# ATI Radeon X Pro 1600 AGP 512mb computer randomly restarts itself while gaming



## osirisg89 (Nov 13, 2006)

I just recently purchased this card, ATI Radeon X Pro 1600 AGP, and between 3 mins-an hour of gaming, my computer restarts itself. All drivers are updated, except for my AGP, which is an Intel 82865g, because intel's newest driver wont let me install. I ended up using one from 2003. 

System Specs: 

* Operating System:* Windows XP Professional (5.1, Build 2600) Service Pack 2 (2600.xpsp_sp2_gdr.050301-1519)
*BIOS:* BIOS Date: 11/04/04 20:48:18 Ver: 08.00.09
*Processor:* Intel(R) Pentium(R) 4 CPU 3.00GHz (2 CPUs)
*Memory:* 2048MB RAM
*DirectX Version:* DirectX 9.0c (4.09.0000.0904)
*Power Supply:* 430w
*Video:* ATI Radeon X Pro 1600 AGP

Any have any ideas or can help me out? This is seriously driving me insane.


----------



## Geekgirl (Jan 1, 2005)

Hi and Welcome to TSF

Sounds like either the card is overheating or you have insuffient power going into the system.



> All drivers are updated, except for my AGP, which is an Intel 82865g, because intel's newest driver wont let me install.
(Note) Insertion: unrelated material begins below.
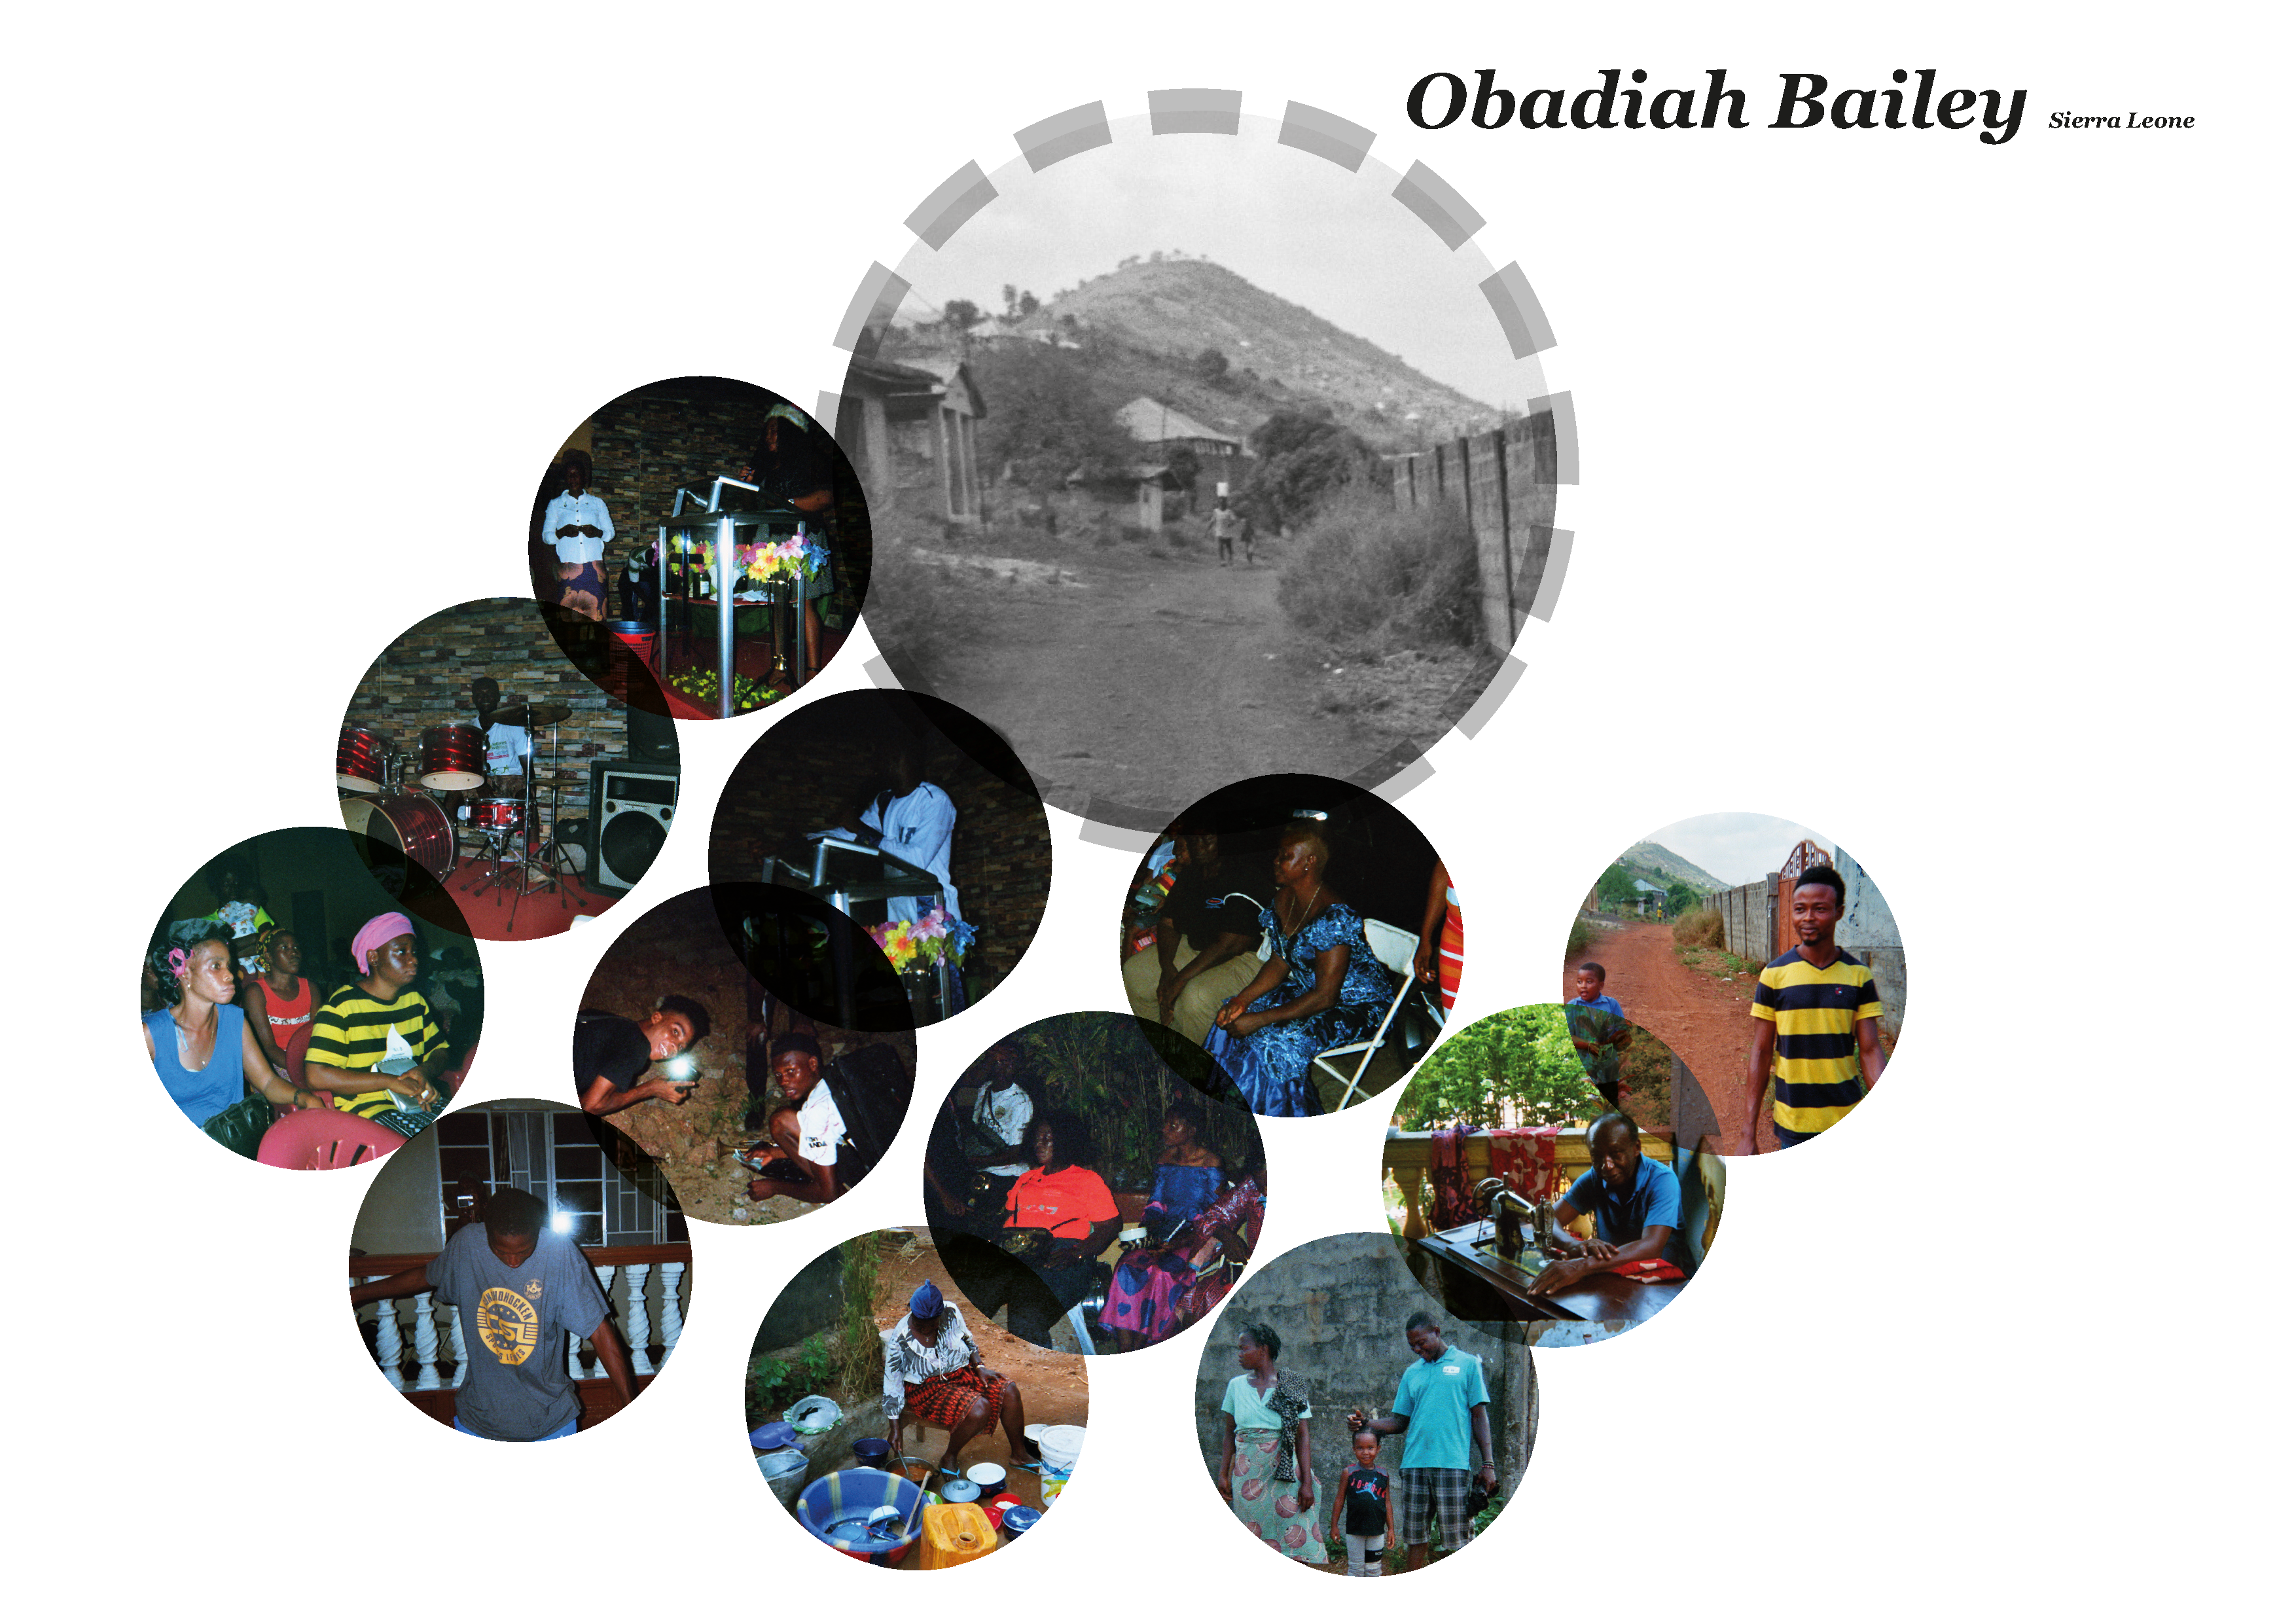 Collage of pictures of religion and peace images in Sierra Leona by Obadiah Bailey

Why cant you install the updated drivers?


----------



## osirisg89 (Nov 13, 2006)

When i try to install the downloaded file it gets half way through and says a file is corrupt or missing.
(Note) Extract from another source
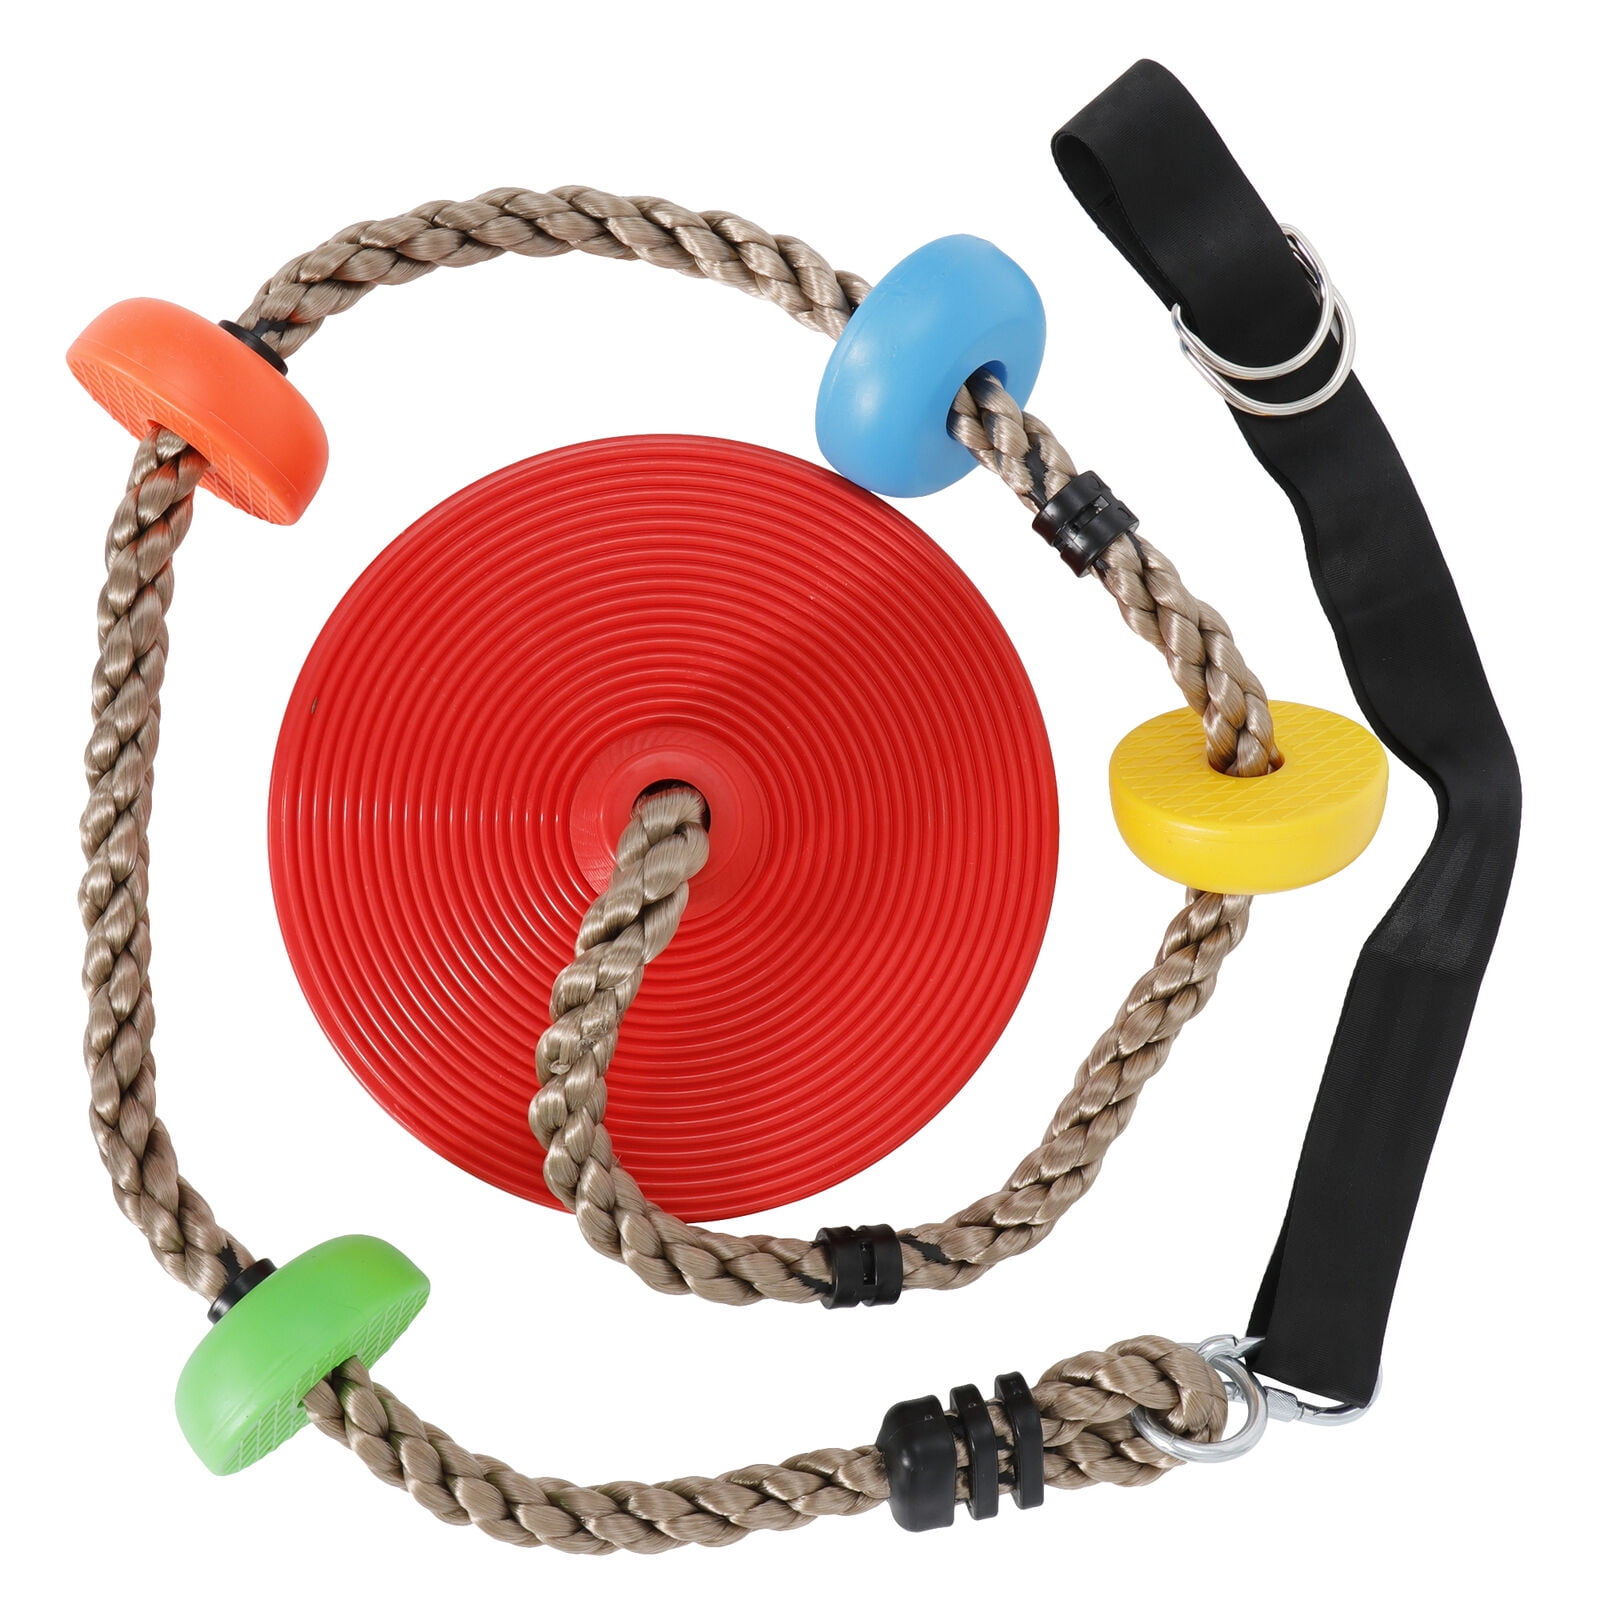 Tree Swing Climbing Rope with Platforms Disc Swing Seat Playground Kids Outdoor

I did try to increase fan speed, but only by 50% with ATI Tools. In any case, what should i do to fix this?


----------



## Geekgirl (Jan 1, 2005)

Try downloading the file from here
http://downloadfinder.intel.com/scripts-df-external/Product_Filter.aspx?ProductID=1044


----------



## osirisg89 (Nov 13, 2006)

Nope, thats the one I'm talking about. Intel needs to fix that. Is there anything else you or anyone can think of??


----------



## Doby (Jan 17, 2006)

If you are running monitoring software please post your temps and voltages of the +3.3V, +5V and +12V

Also what is the brand and model number of your 430W psu?


----------



## osirisg89 (Nov 13, 2006)

My psu is @Power model: EP43057

I'll get back to you on voltages and temps.


----------



## Doby (Jan 17, 2006)

Thats a very low quality psu and I believe TG is right and its a power problem.
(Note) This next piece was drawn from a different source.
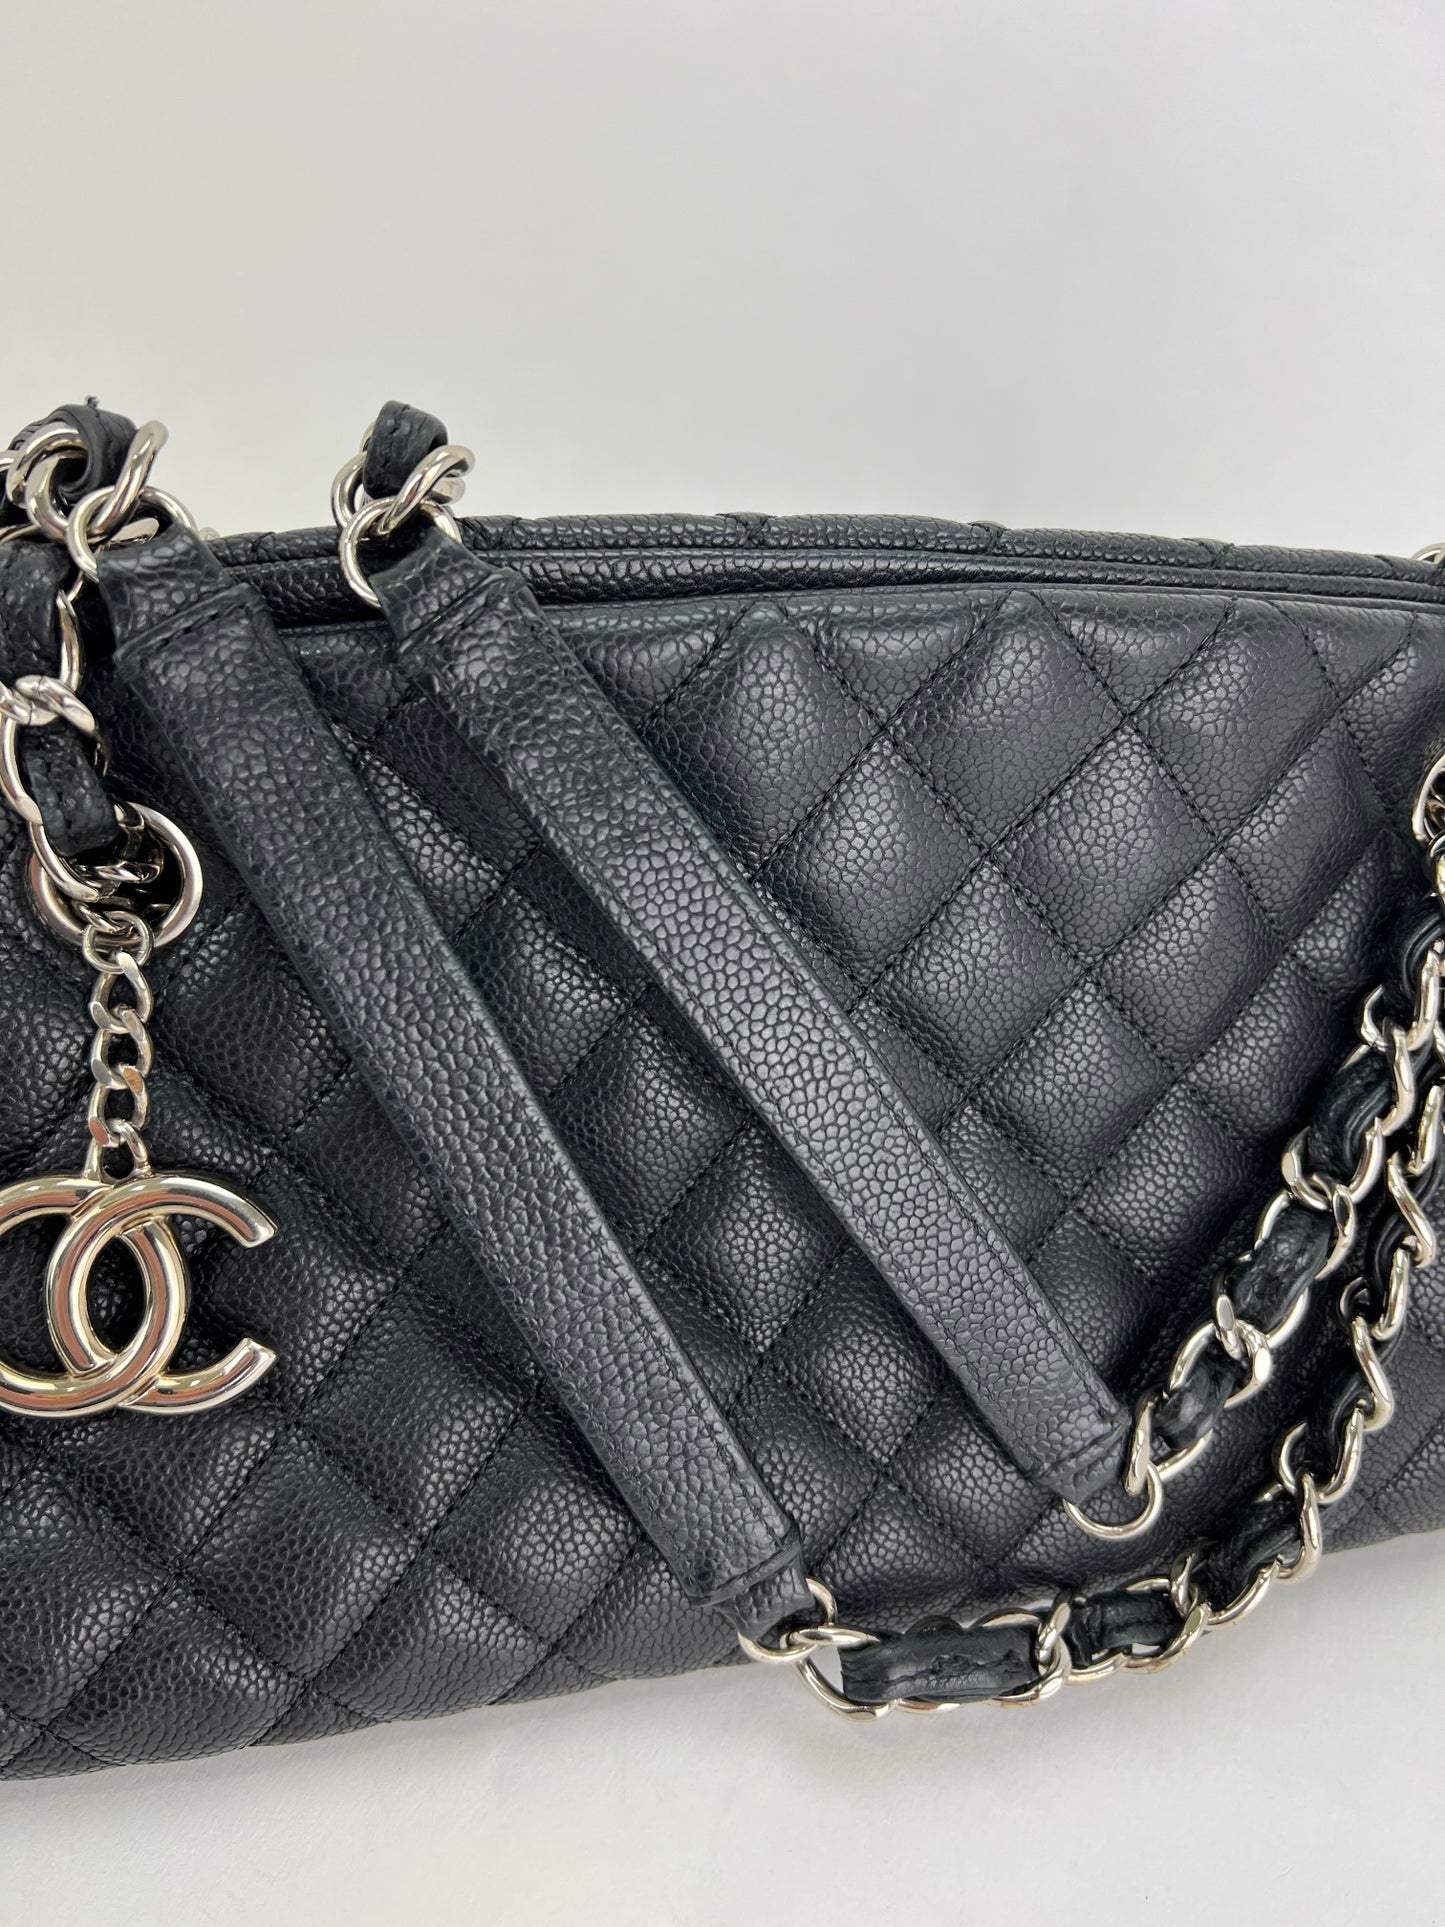 chanel tote bag brown new

If you could post the temps and voltages it may help us narrow it down but if it were my system I would replace that psu asap just because its so low quality.

For a better understanding and recomendations of psu's check this out 

http://www.techsupportforum.com/f70/outdated-power-supply-information-and-selection-107466.html


----------



## osirisg89 (Nov 13, 2006)

Should I use speed fan? i mean what exactly am i looking for? just the card temps or my computer in general?


----------



## osirisg89 (Nov 13, 2006)

Ok well ill just post what speed fan says. 

Temps
Temp 1 - 84f
Temp 2 - 125-135f (probably way higher when I'm gaming, i would say around 145-155 or so. I just replaced my heatsink a few months ago when my temps are around 180-200f because intel's stock sink was horrible)
Temp 3 - 69f
HD1 - 98f
HD2 - 98f

Voltages
Vcore - 1.42V
+12V - 11.92V
3.3V - 3.28V
Vcc - 5.07V
Vin2 - 0.00V
5Vsb - 4.99V
Vbat - 0.00


With the ATI tool these are the two temps

GPU - 55.0 C
GPU enviroment - 46.5 C

These figures are all when I'm currently typings this, not when I'm gaming, unless i noted it above.


----------



## dai (Jul 2, 2004)

http://www.extreme.outervision.com/psucalculator.jsp
based on a quality supply and add 30% to the end result


----------



## osirisg89 (Nov 13, 2006)

Someone has told me to do this before and it came out to 327w


----------



## dai (Jul 2, 2004)

does this include the 30%


----------



## linderman (May 20, 2005)

your PSU is too small for your system look for atleast a 550 watt 

antec has a 550 watt unit for $89.00 at newegg.com thats a high quality unit


----------



## osirisg89 (Nov 13, 2006)

Including the 30% it comes out to 559. I was afraid of this, but what the hell, i guess i gotta get a new one. I'll probably be looking for a 600 watt to be on the safe side and for the future. Thanx for everyone's help, if i have anymore problems I'll be posting them.


----------



## dai (Jul 2, 2004)

go for a 650w min they are not much dearer to buy


----------



## Geekgirl (Jan 1, 2005)

Try the Video Card Stability Test

The test heats up the processor of a video card if in 10-30 minutes. If the video card does not hang and there are no artefacts, everything is all right with the card itself.


----------



## osirisg89 (Nov 13, 2006)

Thank you Geekgirl. Ill be trying it out. In any event, i really think its the psu. what do you all think of this one? http://www.newegg.com/Product/Product.asp?Item=N82E16817371001


----------



## linderman (May 20, 2005)

nice unit & nice price too and 85% efficient! antec stepped thing up a bit! not long ago they didnt make a unit that was more than 70% efficient.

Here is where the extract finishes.